# [EXERCISE OBJECTIVE]
Among the lines below, copy exactly those from the one with "Mizuno Wave Rider" through the one with "Elegant Colors Sandals", counting both ends.

# [Collection entries]
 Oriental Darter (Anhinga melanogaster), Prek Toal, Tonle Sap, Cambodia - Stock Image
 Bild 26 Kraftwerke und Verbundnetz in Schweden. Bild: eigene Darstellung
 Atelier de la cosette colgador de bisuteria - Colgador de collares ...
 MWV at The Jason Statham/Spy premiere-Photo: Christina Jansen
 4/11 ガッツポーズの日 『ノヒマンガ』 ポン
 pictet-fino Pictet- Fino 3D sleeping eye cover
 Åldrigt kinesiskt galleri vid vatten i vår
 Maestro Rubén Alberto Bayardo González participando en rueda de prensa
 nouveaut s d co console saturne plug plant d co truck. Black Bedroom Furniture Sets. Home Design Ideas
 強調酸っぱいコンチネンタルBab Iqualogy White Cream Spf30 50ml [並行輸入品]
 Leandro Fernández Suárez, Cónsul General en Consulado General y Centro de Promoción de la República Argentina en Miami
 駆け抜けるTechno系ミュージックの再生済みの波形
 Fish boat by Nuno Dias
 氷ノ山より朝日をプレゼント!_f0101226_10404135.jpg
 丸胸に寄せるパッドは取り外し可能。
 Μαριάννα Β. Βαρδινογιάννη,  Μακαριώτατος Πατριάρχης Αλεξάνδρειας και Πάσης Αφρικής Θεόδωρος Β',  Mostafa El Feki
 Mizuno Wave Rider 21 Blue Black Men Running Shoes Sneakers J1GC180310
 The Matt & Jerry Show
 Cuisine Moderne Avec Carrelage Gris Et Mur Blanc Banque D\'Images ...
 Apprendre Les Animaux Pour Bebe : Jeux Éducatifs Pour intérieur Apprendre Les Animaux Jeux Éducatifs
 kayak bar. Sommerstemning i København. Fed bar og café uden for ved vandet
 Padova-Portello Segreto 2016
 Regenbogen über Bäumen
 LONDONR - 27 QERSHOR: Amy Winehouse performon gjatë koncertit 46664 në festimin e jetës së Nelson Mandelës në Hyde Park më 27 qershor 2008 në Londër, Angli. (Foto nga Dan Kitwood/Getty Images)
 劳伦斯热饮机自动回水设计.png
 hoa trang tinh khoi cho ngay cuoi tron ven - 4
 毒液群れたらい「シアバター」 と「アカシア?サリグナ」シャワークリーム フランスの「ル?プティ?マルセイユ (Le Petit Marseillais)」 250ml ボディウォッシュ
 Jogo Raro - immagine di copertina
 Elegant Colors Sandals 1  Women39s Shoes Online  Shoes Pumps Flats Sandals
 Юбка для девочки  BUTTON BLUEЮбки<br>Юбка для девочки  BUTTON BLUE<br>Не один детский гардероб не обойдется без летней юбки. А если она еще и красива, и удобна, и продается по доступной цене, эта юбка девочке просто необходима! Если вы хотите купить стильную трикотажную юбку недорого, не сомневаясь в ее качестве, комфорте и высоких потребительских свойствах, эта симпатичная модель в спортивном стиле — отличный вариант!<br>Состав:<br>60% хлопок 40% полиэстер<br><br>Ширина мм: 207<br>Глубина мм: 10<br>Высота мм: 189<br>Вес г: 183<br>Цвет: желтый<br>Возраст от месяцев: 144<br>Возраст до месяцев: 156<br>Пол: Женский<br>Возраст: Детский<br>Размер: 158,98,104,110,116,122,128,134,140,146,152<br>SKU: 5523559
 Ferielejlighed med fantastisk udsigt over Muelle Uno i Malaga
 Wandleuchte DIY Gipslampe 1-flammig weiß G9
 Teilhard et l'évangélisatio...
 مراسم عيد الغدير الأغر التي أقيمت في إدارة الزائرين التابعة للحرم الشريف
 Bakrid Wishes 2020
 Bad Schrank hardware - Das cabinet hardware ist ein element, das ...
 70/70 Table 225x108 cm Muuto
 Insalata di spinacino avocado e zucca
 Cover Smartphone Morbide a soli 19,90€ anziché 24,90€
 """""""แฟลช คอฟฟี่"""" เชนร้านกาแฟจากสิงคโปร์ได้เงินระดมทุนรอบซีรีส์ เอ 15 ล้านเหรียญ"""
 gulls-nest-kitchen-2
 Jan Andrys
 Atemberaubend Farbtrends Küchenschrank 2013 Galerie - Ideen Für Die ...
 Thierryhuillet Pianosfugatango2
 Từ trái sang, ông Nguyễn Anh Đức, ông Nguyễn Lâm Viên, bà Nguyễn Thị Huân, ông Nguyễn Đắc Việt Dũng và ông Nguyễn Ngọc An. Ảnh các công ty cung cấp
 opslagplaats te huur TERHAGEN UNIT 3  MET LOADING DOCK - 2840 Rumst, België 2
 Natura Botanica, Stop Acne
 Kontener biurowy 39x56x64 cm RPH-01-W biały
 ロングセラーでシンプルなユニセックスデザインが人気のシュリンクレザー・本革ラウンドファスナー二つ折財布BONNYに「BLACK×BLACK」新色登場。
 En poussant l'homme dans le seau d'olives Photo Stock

# [ANSWER TO THIS EXERCISE]
 Mizuno Wave Rider 21 Blue Black Men Running Shoes Sneakers J1GC180310
 The Matt & Jerry Show
 Cuisine Moderne Avec Carrelage Gris Et Mur Blanc Banque D\'Images ...
 Apprendre Les Animaux Pour Bebe : Jeux Éducatifs Pour intérieur Apprendre Les Animaux Jeux Éducatifs
 kayak bar. Sommerstemning i København. Fed bar og café uden for ved vandet
 Padova-Portello Segreto 2016
 Regenbogen über Bäumen
 LONDONR - 27 QERSHOR: Amy Winehouse performon gjatë koncertit 46664 në festimin e jetës së Nelson Mandelës në Hyde Park më 27 qershor 2008 në Londër, Angli. (Foto nga Dan Kitwood/Getty Images)
 劳伦斯热饮机自动回水设计.png
 hoa trang tinh khoi cho ngay cuoi tron ven - 4
 毒液群れたらい「シアバター」 と「アカシア?サリグナ」シャワークリーム フランスの「ル?プティ?マルセイユ (Le Petit Marseillais)」 250ml ボディウォッシュ
 Jogo Raro - immagine di copertina
 Elegant Colors Sandals 1  Women39s Shoes Online  Shoes Pumps Flats Sandals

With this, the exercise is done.